I have a routine that counts the number of reals on a line. You could adapt this to your purpose fairly easily I think.
subroutine line_num_columns(iu,N,count)
implicit none
integer(4),intent(in)::iu,N
character(len=N)::line
real(8),allocatable::r(:)
integer(4)::r_size,count,i,j
count=0 !Set to zero in case of premature return
r_size=N/5 !Initially try out this max number of reals
allocate(r(r_size))
read(iu,'(a)') line
50 continue
do i=1,r_size
read(line,*,end=99) (r(j),j=1,i) !Try reading i reals
count=i
!write(*,*) count
enddo
r_size=r_size*2 !Need more reals
deallocate(r)
allocate(r(r_size))
goto 50
return
99 continue
write(*,*) 'I conclude that there are ',count,' reals on the first line'
end subroutine line_num_columns
If a Fortran 90 solution is fine, you can use the following procedure to parse a line with multiple real values:
subroutine readnext_r1(string, pos, value)
implicit none
character(len=*), intent(in) :: string
integer, intent(inout) :: pos
real, intent(out) :: value
integer :: i1, i2
i2 = len_trim(string)
! initial values:
if (pos > i2) then
pos = 0
value = 0.0
return
end if
! skip blanks:
i1 = pos
do
if (string(i1:i1) /= ' ') exit
i1 = i1 + 1
end do
! read real value and set pos:
read(string(i1:i2), *) value
pos = scan(string(i1:i2), ' ')
if (pos == 0) then
pos = i2 + 1
else
pos = pos + i1 - 1
end if
end subroutine readnext_r1
The subroutine reads the next real number from a string 'string' starting at character number 'pos' and returns the value in 'value'. If the end of the string has been reached, 'pos' is set to zero (and a value of 0.0 is returned), otherwise 'pos' is incremented to the character position behind the real number that was read.

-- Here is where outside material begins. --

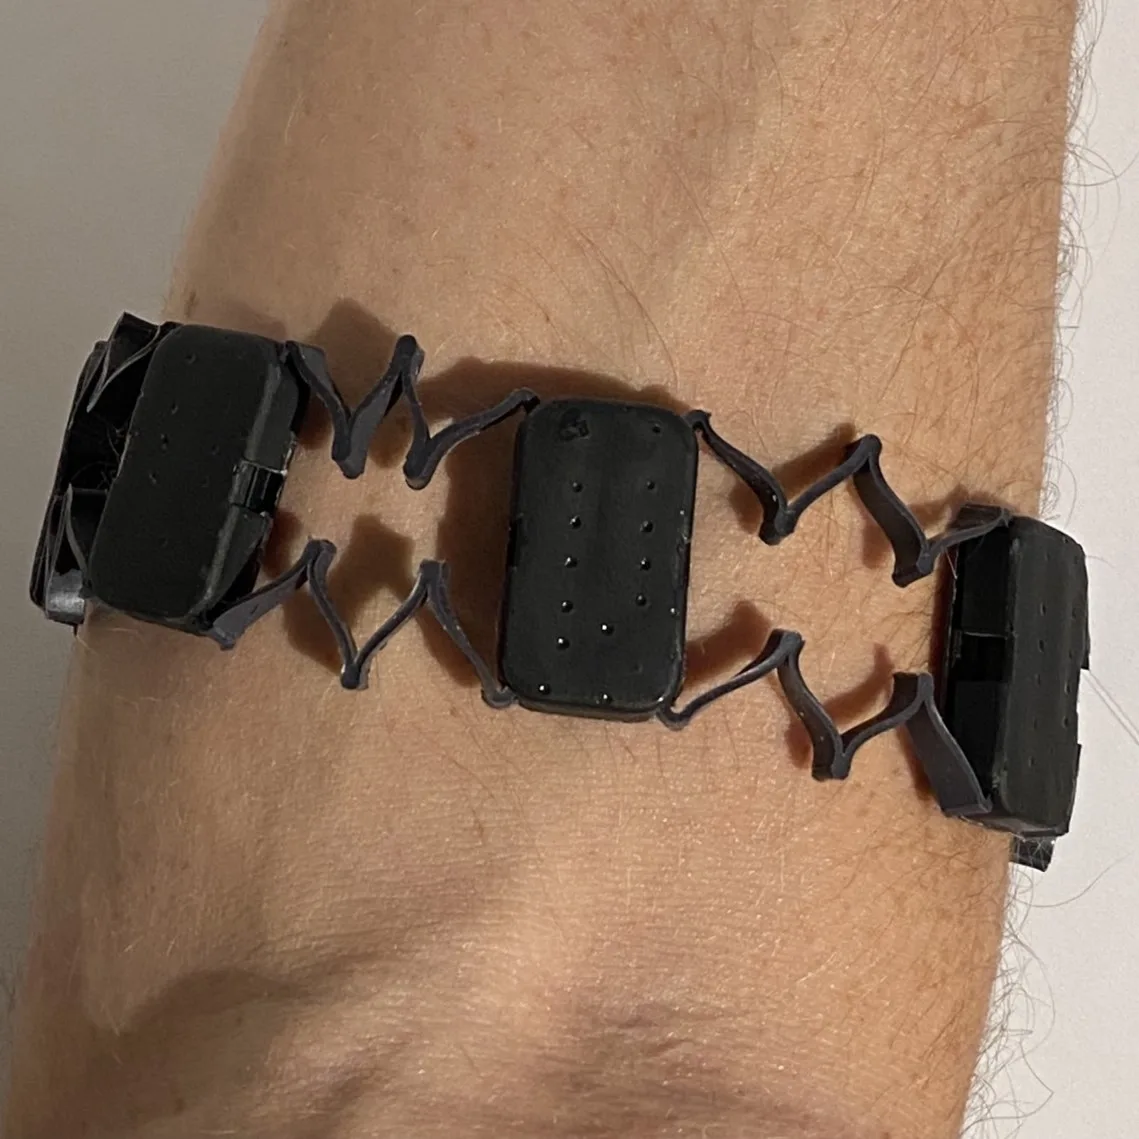 IBT Armband prototype assembled and worn on the forearm
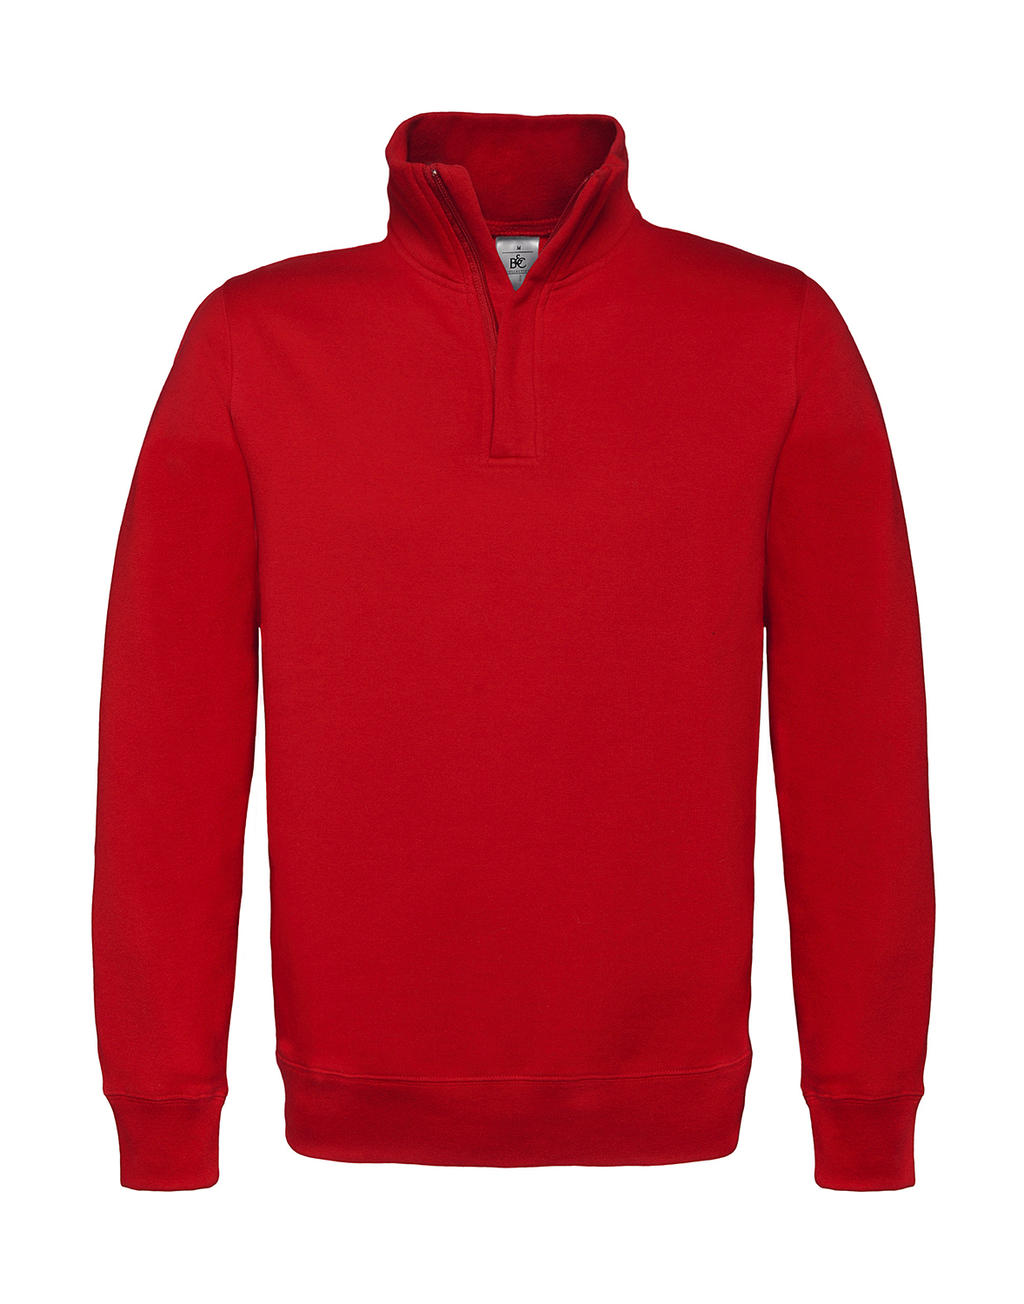  ID.004 Cotton Rich 1/4 Zip Sweat in Farbe Red

So, for your case you would first read the line to a character string:
character(len=1024) :: line
...
read(15,'(A)') line
...
and then parse this string
real :: y, z, w
integer :: pos
...
pos = 1
call readnext_r1(line, pos, y)
call readnext_r1(line, pos, z)
call readnext_r1(line, pos, w)
if (pos == 0) w = 0.0
where the final 'if' is not even necessary (but this way it is more transparent imho).
Note, that this technique will fail if there is a third entry on the line that is not a real number.
I know the following simple solution:
w = 0.0
read(15,*,err=600)y, z, w
goto 610
600 read(15,*)y, z
610 do other stuff
But it contains "goto" operators
You might be able to use the wonderfully named colon edit descriptor. This allows you to skip the rest of a format if there are no further items in the I/O list:
Program test
Implicit None
Real :: a, b, c
Character( Len = 10 ) :: comment
Do
c = 0.0
comment = 'No comment'
Read( *, '( 2( f7.3, 1x ), :, f7.3, a )' ) a, b, c, comment
Write( *, * ) 'I read ', a, b, c, comment
End Do
End Program test
For instance with gfortran I get:
Wot now? gfortran -W -Wall -pedantic -std=f95 col.f90
Wot now? ./a.out
12.460 28.000 8.00 efg
I read 12.460000 28.000000 8.0000000 efg
12.460 28.000
I read 12.460000 28.000000 0.00000000E+00
^C
This works with gfortran, g95, the NAG compiler, Intel's compiler and the Sun/Oracle compiler. However I should say I'm not totally convinced I understand this - if c or comment are NOT read are they guaranteed to be 0 and all spaces respectively? Not sure, need to ask elsewhere.